Adriaan van der Graaf edited this page Apr 14, 2016 · 4 revisions

Basic operation: Binomial and Beta Binomial test

This section will describe how to do the most simple analysis: non-CTS ASEperSNP, in later sections, more options will be added to the analysis described here, to be able to add extra functionality

Minimum of data required:

  • A file with aligned sequence reads for multiple samples, and an index.
  • A genotype file containing at least the genotype information of the bam file.
  • A coupling file that indicates which bam files belong to which genotypes.

#####STEP 0: Preprocessing of data

preprocessing your sequence alignment files

This file will be used for the ASreads sub-module. It requires files to be in the bam format, a binary form of the sam format. You may be able to convert your file into the bam format using the program samtools.

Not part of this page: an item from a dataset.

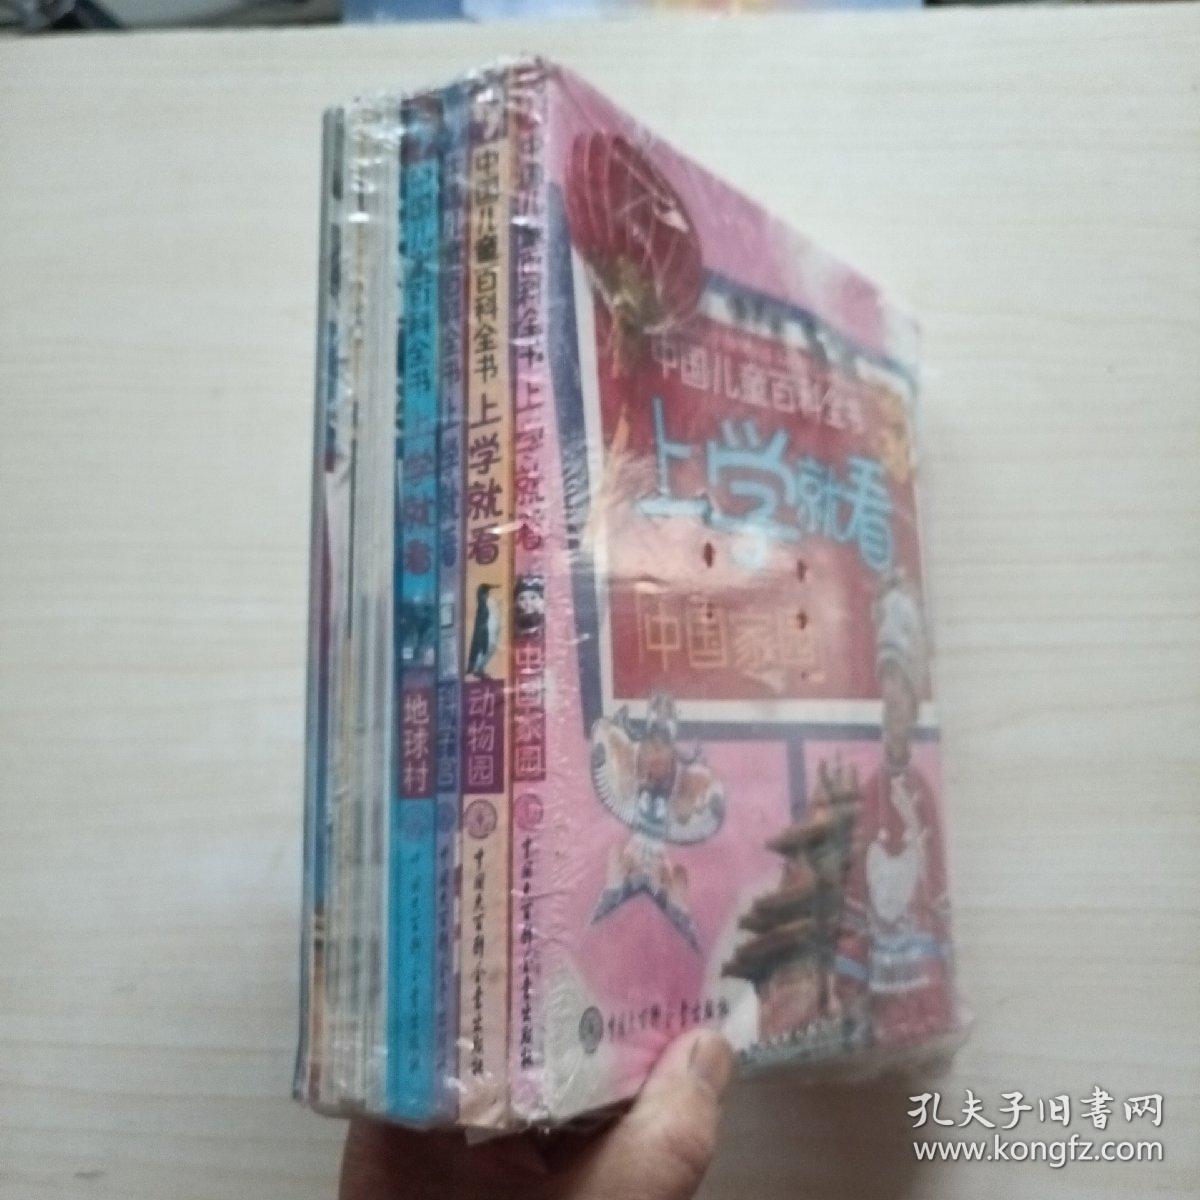 中国儿童百科全书:上学就看(全8册)

When Suzie-RNAseq1.bam is your bam file, you can provide it with an index by using samtools. you can then index the bam using the following command in your terminal:

samtools index Suzie-RNAseq1.bam

A file named: Suzie-RNAseq1.bam.bai will be add in the working directory, this contains the index for the specific bam. Now the bam file can be used for reading by the ASreads sub-module. Please index all the bam files that you want to use for analysis.

Preprocessing genotype files

The sub-module ASreads accepts two types of file formats:

  1. TriTyper
  2. VCF

The TriTyper format is considerably faster to read than the VCF at this moment, therefore this guide will continue with the TriTyper format. Conversion of the genotype format into TriTyper can be done using the Genotype Harmonizer. This guide refers to their wiki for the conversion of your genotype format into TriTyper format. For example purposes, the directory containing TriTyper information will be set to the following: Suzie-Peter_Genotype/

Below is an example to convert a vcf Genotype file into a Trityper file.

bgzip -c Suzie-RNAseq1.vcf > Suzie-RNAseq1.vcf.gz
tabix -p vcf Suzie-RNAseq1.vcf.gz 
sh --input Suzie-RNAseq1.vcf.gz  --outputType TRITYPER --output Suzie-Peter_Genotype/

Creating a coupling file

The coupling file is used to match the sample data (bam file name) to the individual genotype data (name in the genotype file). A coupling file is a tab delimited file, with one individual - sample pair per line. Individuals are in the first column (same name as in the genotype file), samples are in the second column (same name as the bam filenames, without the .bam extension).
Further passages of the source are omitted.